▶ ASSIGNED TASK
Starting at the line that contains "Brimless wool cap" and stopping at the line that contains "Fall 2014 Enrollment Statistics", restate each line of the records below exactly. Omit the pictures.

▶ DATASET RECORDS
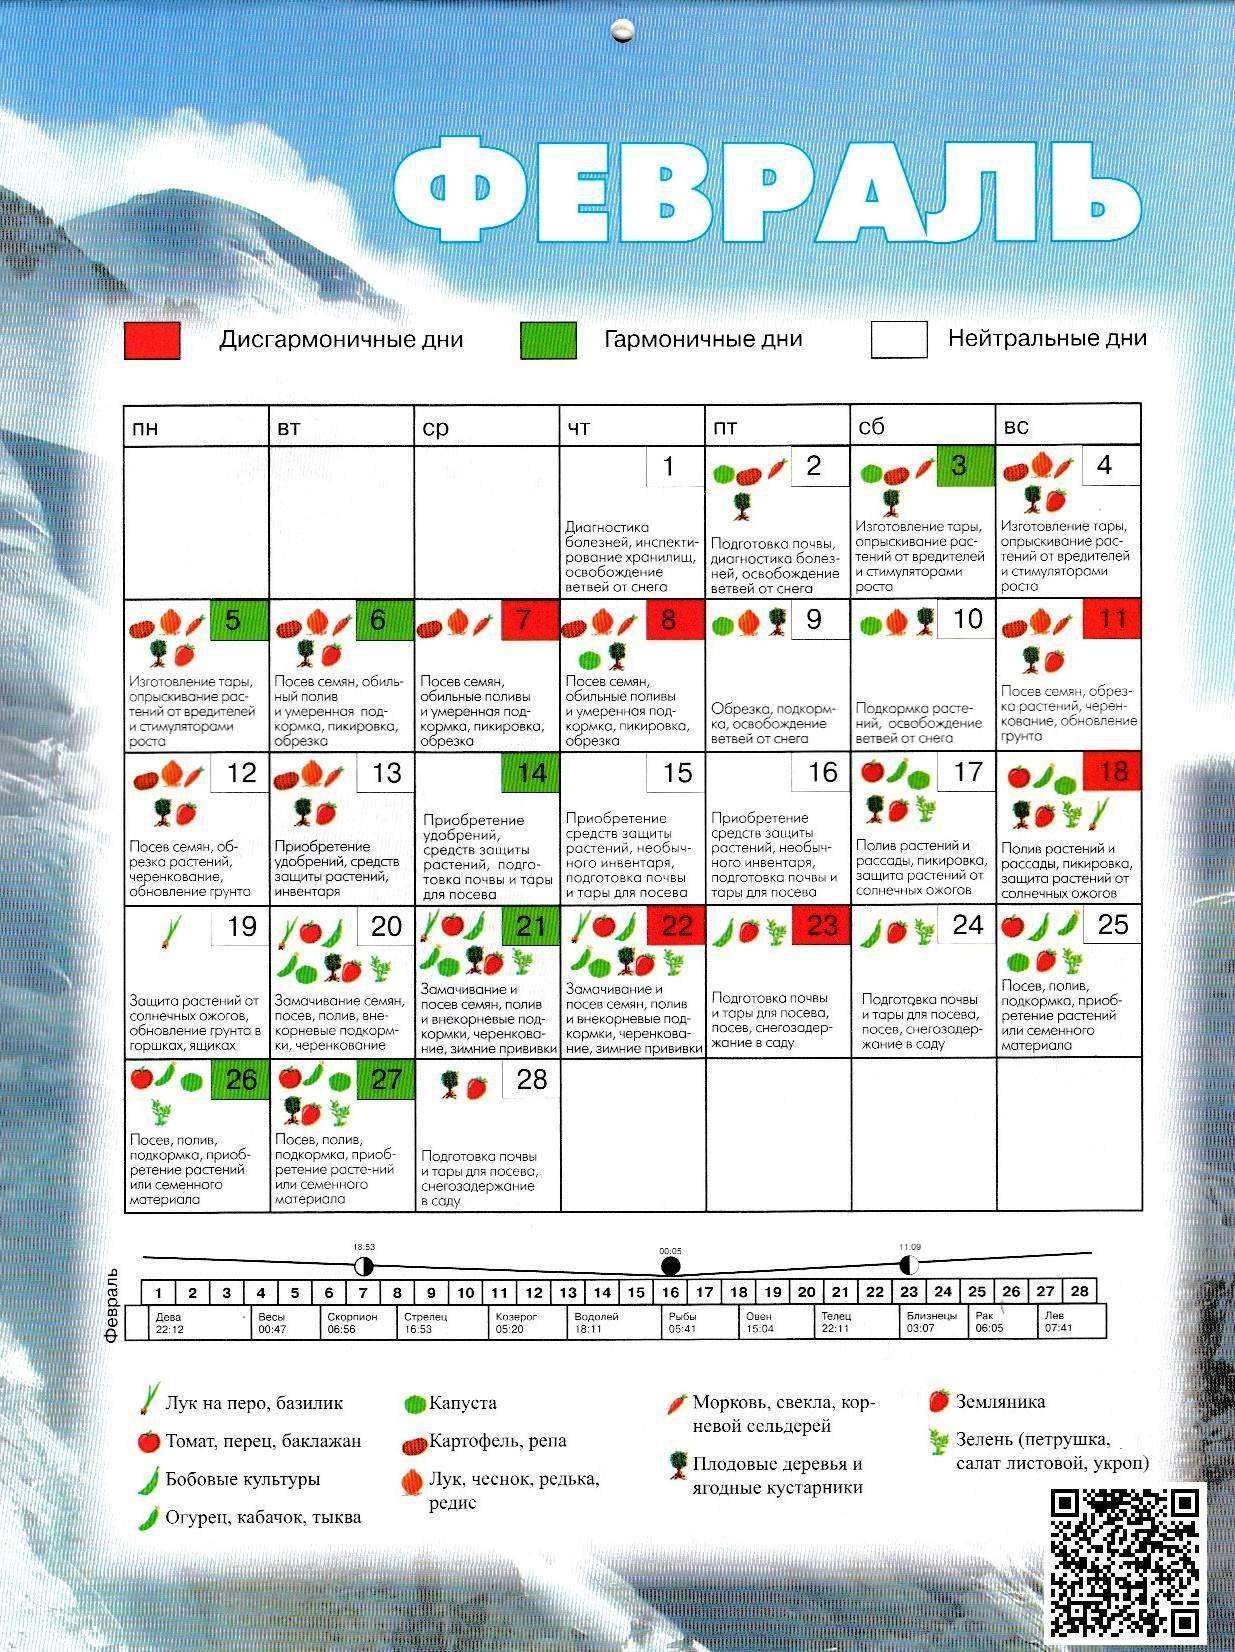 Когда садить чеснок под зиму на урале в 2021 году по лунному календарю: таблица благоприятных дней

---

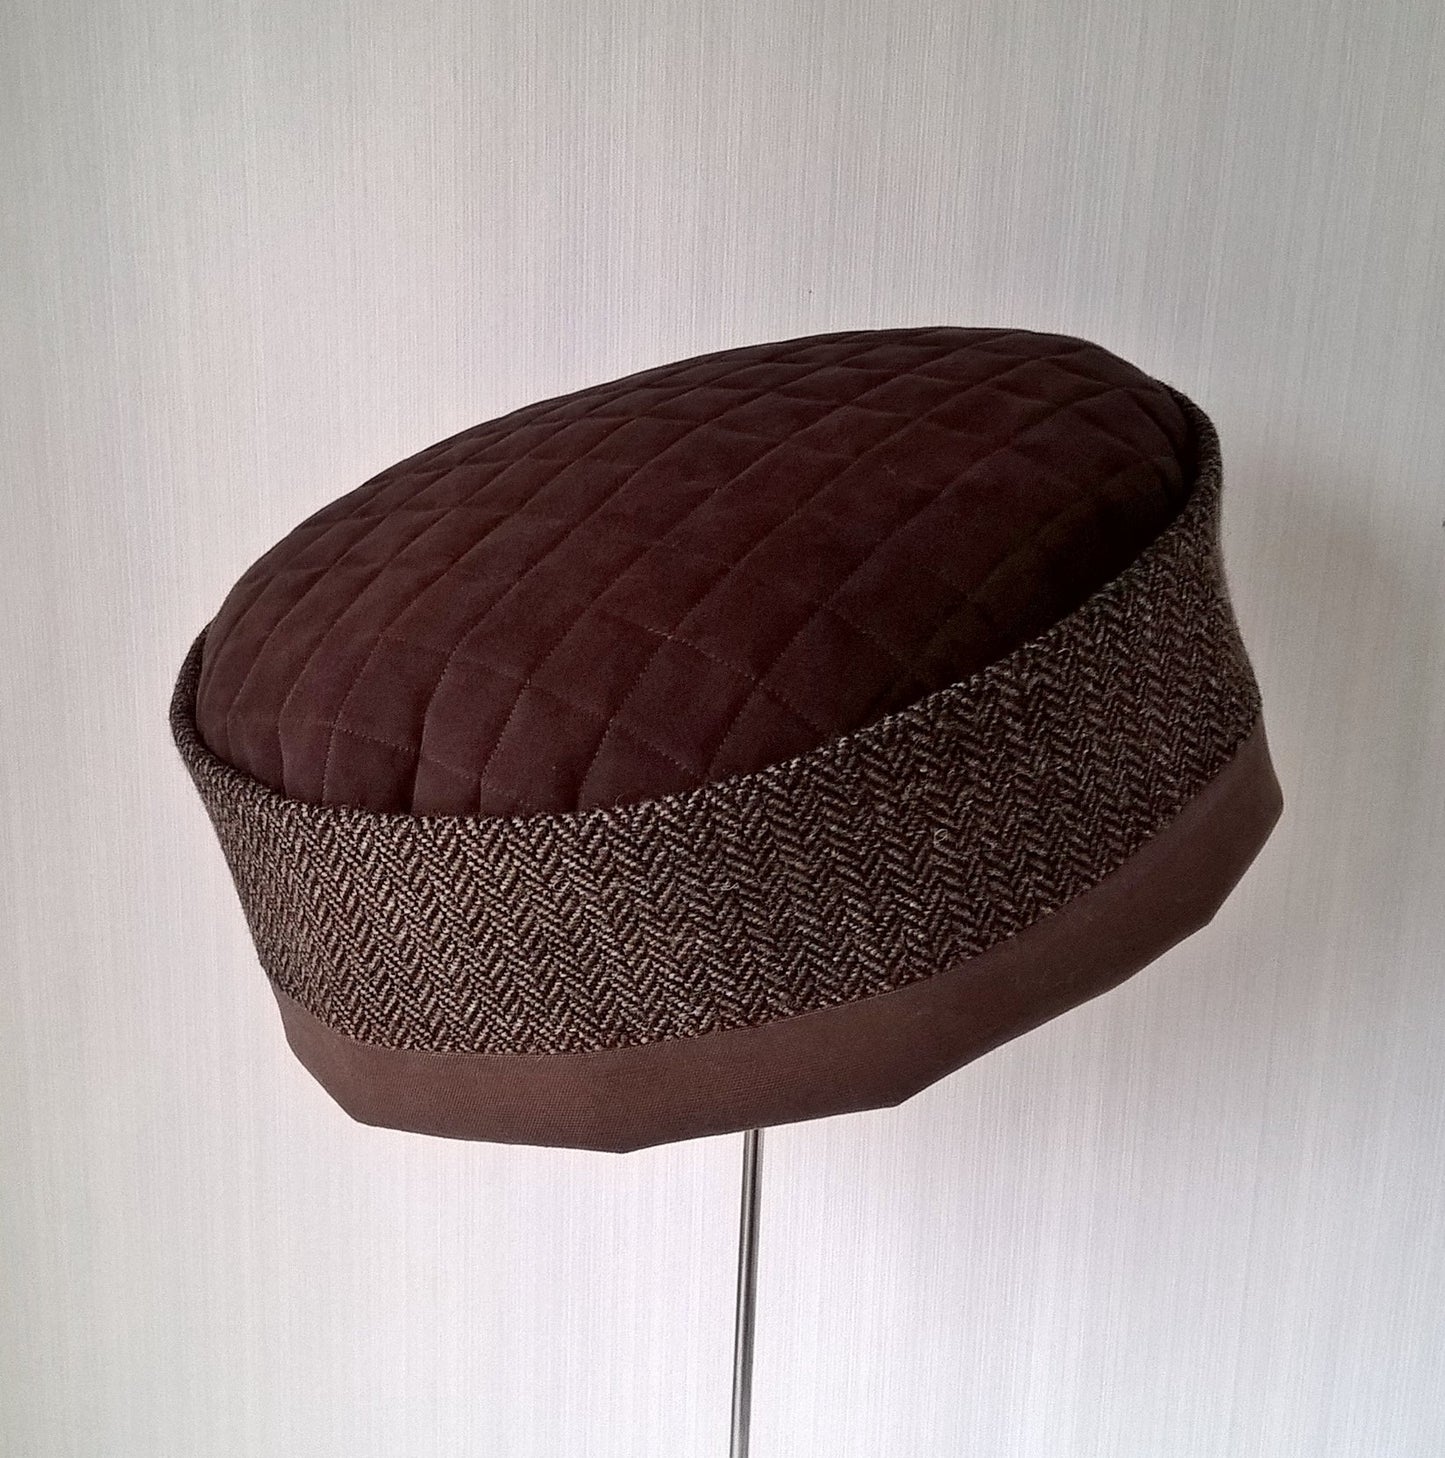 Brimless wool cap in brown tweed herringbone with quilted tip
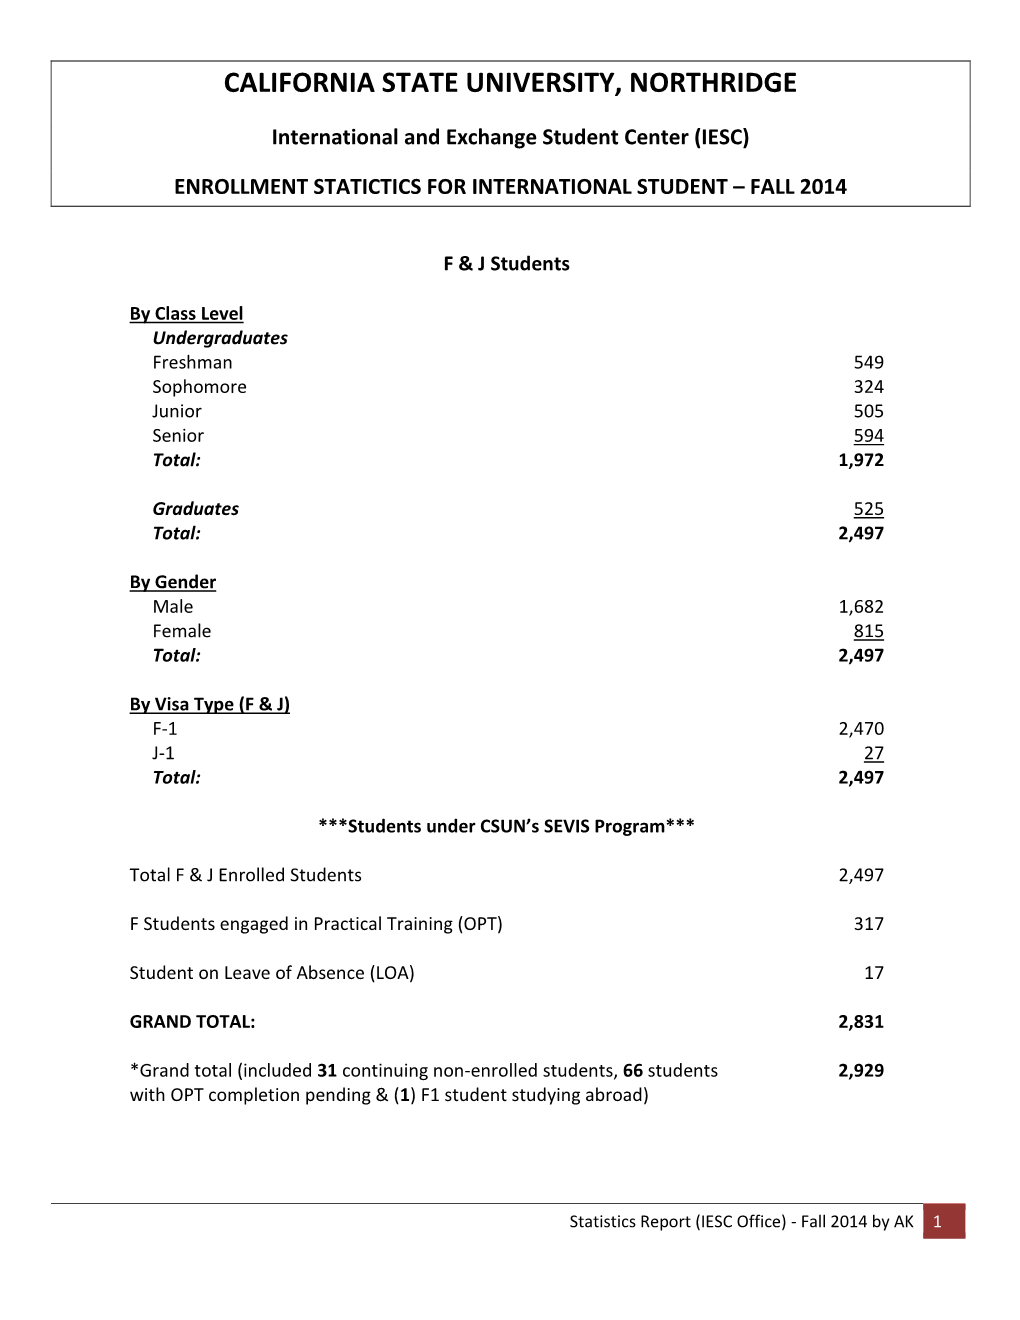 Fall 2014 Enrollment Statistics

...

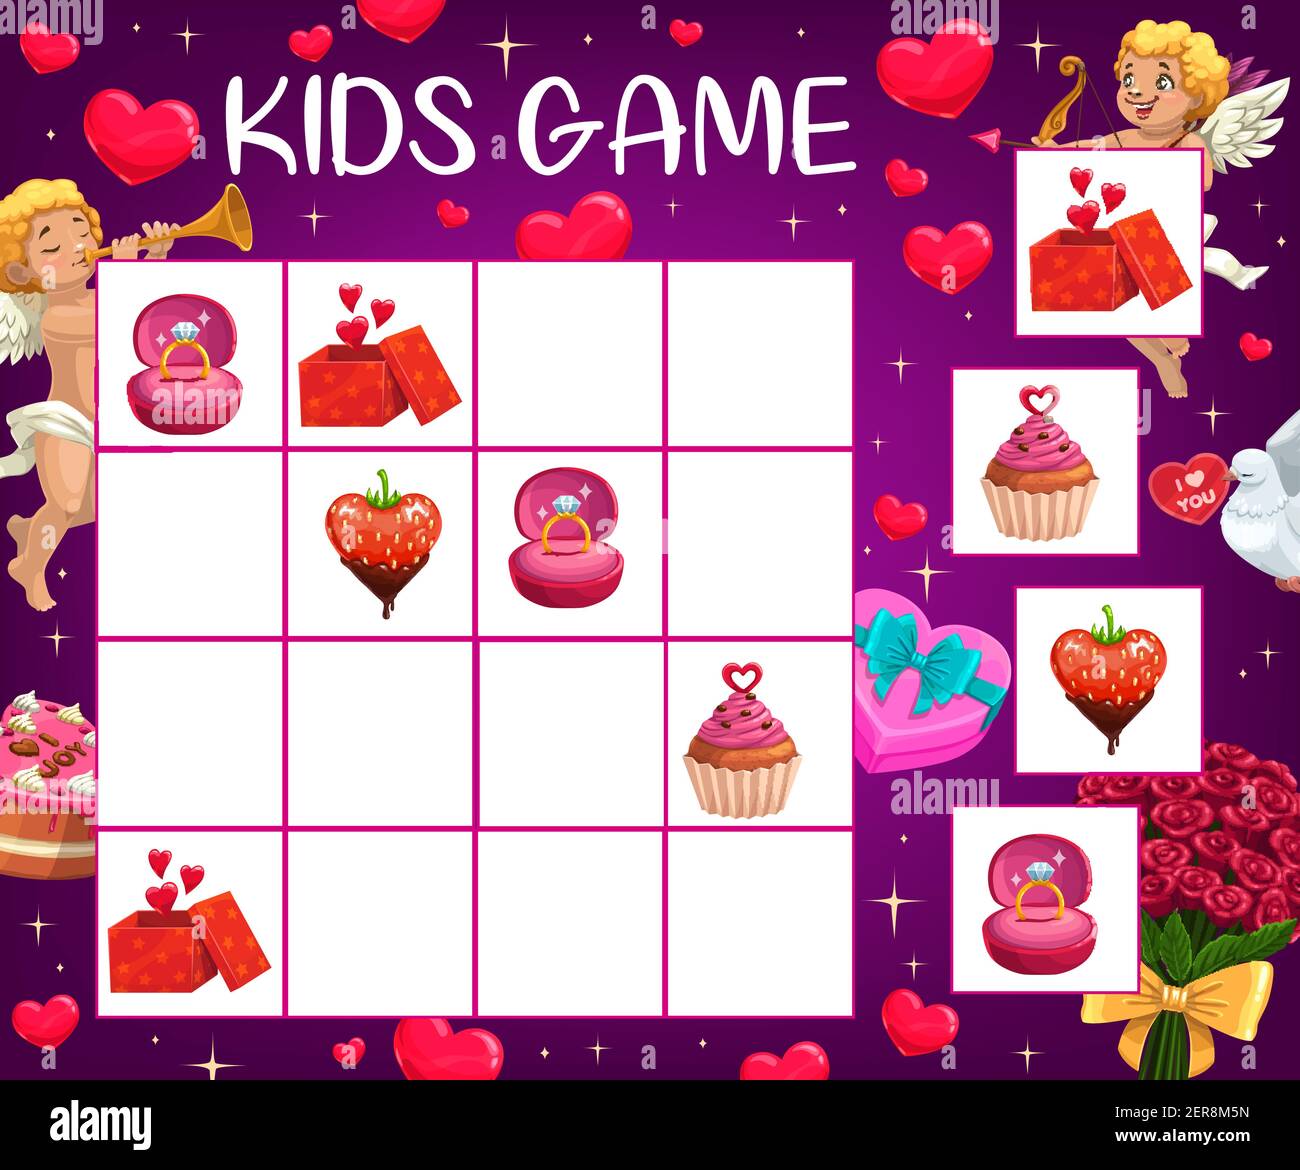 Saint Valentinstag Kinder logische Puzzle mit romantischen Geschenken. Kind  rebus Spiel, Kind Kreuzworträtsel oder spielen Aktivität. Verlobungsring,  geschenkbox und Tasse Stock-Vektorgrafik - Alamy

▶ THE ANSWER
 Brimless wool cap in brown tweed herringbone with quilted tip
 Fall 2014 Enrollment Statistics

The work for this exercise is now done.